E-Mart is Korea's largest hypermarket chain, centered on a standalone business that sells food and household goods cheaply and in volume through its discount stores and its Traders warehouse format, wrapped inside a retail conglomerate that also owns SCK Company (which operates Starbucks), Shinsegae Property (developer of the Starfield malls), Chosun Hotel, SSG.com, and Shinsegae E&C. In the first quarter of 2026 standalone gross revenue reached ₩4.7152 trillion and consolidated operating profit hit its highest level in 14 years, confirming a recovery in the core business, while the company is carrying out a higher minimum dividend (₩2,000 to ₩2,500) and an annual cancellation of 280,000 treasury shares. What stands out lately is that, factoring in the recovering core profitability, its strong subsidiaries, and its nationwide real estate, the shares sit in undervalued (NAV) territory relative to net assets; on the other side, the ROE of 1.2% points to thin margins, the debt ratio of 304.6% carries a heavy interest burden, and net profit can swing quarter to quarter with subsidiary results and one-off items.

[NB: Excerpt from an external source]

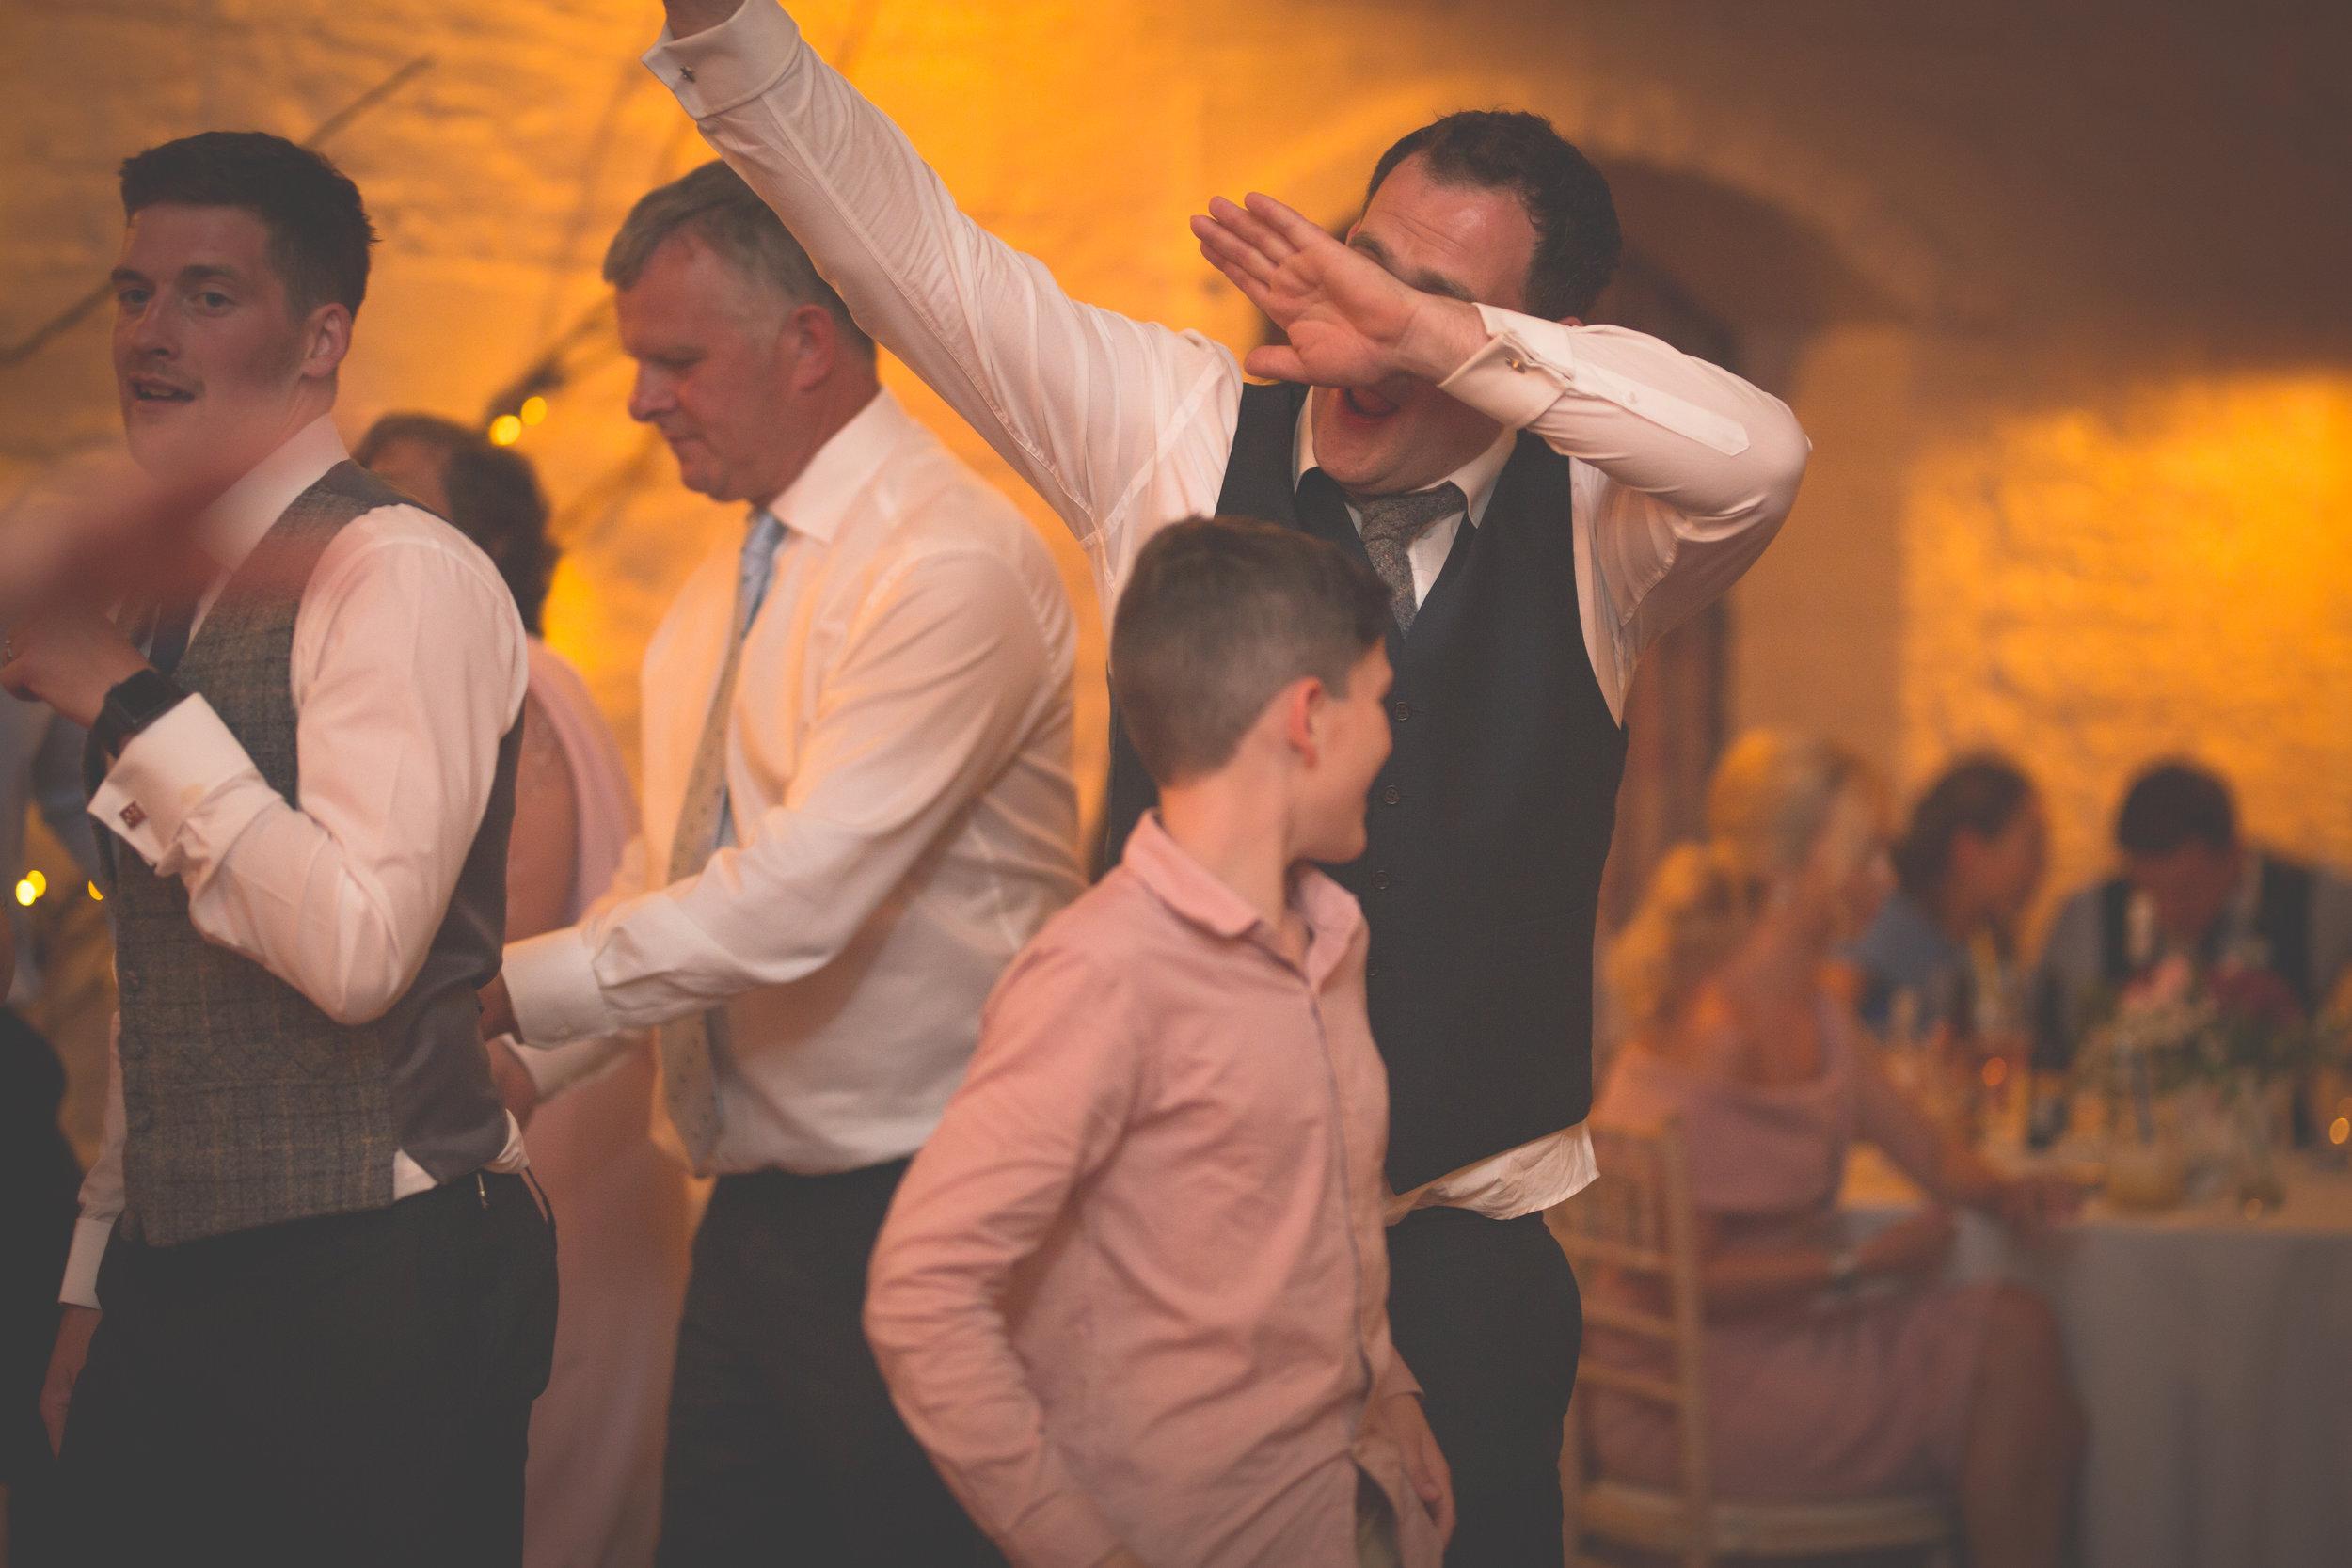 Brian McEwan Wedding Photography | Carol-Annee & Sean | The Dancing-73.jpg

At-a-glance assessment financial health · growth · profitability · valuation
- Debt far exceeds equity (debt ratio 304.6%).

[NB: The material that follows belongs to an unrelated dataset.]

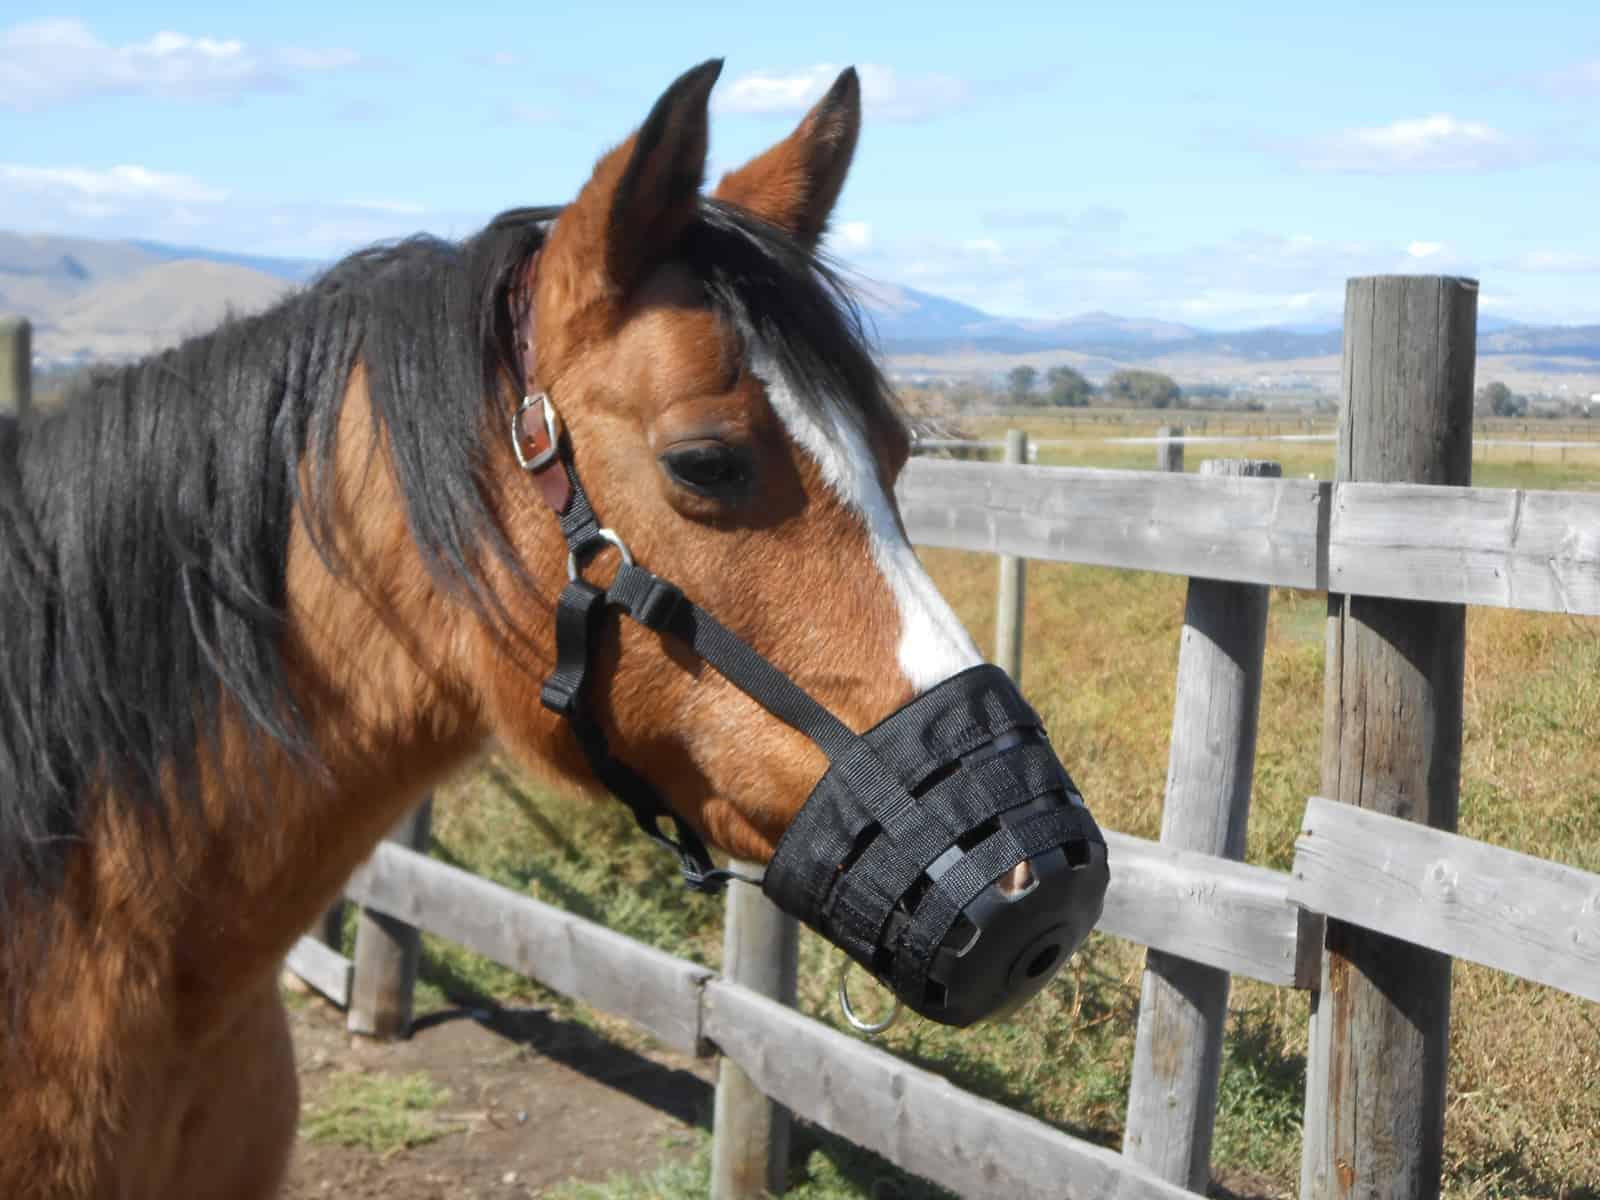 Addressing the 'Air Fern' in Your Barn

- Assets that can be turned to cash within a year fall short of near-term liabilities (current ratio 61.9%).
- Operating profit barely covers the interest bill (interest coverage below 1x).
- Revenue fell 0.2% year over year (3-year trend: falling).
- Net profit swung from a loss a year earlier back into the black (a turnaround).
- Most recent quarter (Q1 2026) revenue was 1.3% lower than a year earlier.
- ROE is 1.2% (controlling-interest basis). It is below the sector average.
- Operating margin is 1.1%.
- P/B is low versus peers too, so it looks cheap on an asset basis as well.
Ownership & governance As of 2025-12-31
Largest shareholder Chung Yong-jin 28.85% (individual)
Controlling bloc incl. related parties 28.85%
With the controlling bloc holding 29%, control is maintained but the free float is relatively large.
🔎 In-depth analysis
- E-Mart is Korea's largest hypermarket chain.
- It makes money in three broad ways.
- First is the standalone business (E-Mart proper), which generates revenue by selling food and household goods cheaply and in volume through its discount stores (hypermarkets) and its Traders warehouse format.
- In the first quarter of 2026 standalone gross revenue was ₩4.7152 trillion, within which the discount stores contributed ₩3.0078 trillion and Traders led the profit growth.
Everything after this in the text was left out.